First, test case 1 is shown. The wall is black and the range of movement is white. The blue dot at the bottom is the start, and the light blue dot at the top is the goal. The recognized route is displayed in yellow. Even if there is a block that blocks it on the way, you can see that it detours properly and reaches the goal.

The following is the estimated reward map. You can see that the reward for the wall area is down. On the other hand, even in a large area, the reward seems to be higher in the area far from the wall.

Finally, there is a diagram of future rewards output by the VI module. You can see that the reward near the goal is high. When choosing a route, you can reach the goal by going to the higher reward.

Next is test case 2. It doesn't change much, so I'll explain it briefly. This is a course that needs to be detoured a little larger, but it seems that the route can be recognized properly.

It seems that you can recognize both the reward map and the future reward map properly.

Summary

I wanted to do a little more quantitative experiment, but I've run out of time, so I'm done with this for the time being. As for the impression, it is a word that VIN is really amazing. Even though it is the first map I see, the route can be estimated properly! I can't say how big the problem can be scaled at this point, but I found it to be a very interesting technique. Also, I'm glad that it went well with one shot.

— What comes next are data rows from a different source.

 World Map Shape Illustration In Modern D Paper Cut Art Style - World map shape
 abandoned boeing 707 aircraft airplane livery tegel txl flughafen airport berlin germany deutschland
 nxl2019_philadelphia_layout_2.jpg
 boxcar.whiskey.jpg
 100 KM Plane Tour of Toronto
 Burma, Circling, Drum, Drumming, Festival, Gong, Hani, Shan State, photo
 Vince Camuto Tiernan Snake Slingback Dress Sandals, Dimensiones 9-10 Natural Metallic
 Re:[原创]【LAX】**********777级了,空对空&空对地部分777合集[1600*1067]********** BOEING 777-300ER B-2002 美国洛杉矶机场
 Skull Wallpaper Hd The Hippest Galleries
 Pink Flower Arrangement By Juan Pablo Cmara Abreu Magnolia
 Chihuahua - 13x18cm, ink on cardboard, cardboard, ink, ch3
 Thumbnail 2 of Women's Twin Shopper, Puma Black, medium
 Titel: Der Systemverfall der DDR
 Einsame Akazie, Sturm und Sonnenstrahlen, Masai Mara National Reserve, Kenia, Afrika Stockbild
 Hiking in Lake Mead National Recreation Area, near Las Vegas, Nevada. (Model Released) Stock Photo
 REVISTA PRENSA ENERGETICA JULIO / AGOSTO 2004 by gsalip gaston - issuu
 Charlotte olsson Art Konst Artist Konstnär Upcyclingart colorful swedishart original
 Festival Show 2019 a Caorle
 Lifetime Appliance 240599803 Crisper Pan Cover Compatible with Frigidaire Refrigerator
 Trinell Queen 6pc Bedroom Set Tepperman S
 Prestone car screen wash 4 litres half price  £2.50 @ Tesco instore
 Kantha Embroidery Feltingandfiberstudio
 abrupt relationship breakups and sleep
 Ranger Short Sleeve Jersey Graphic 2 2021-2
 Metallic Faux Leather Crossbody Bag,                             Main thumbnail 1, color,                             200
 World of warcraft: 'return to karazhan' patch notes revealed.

Chainer is still easy to use! However, in order to deal with special cases, I would like you to expand the Fancy Index a little more or automatically differentiate it.

By the way, the remaining questions are the following two points.

Although the training data is only the shortest path, we were able to learn rewards for unlearned areas such as walls.
Because it was adjusted to the value iteration, it was possible to learn even though VIM did not include a non-linear activation function. I feel that these are indispensable conditions for normal deep learning, but for some reason it was very strange that it worked.

By the way, it seems that the version that the author implements based on Theano is also up on github.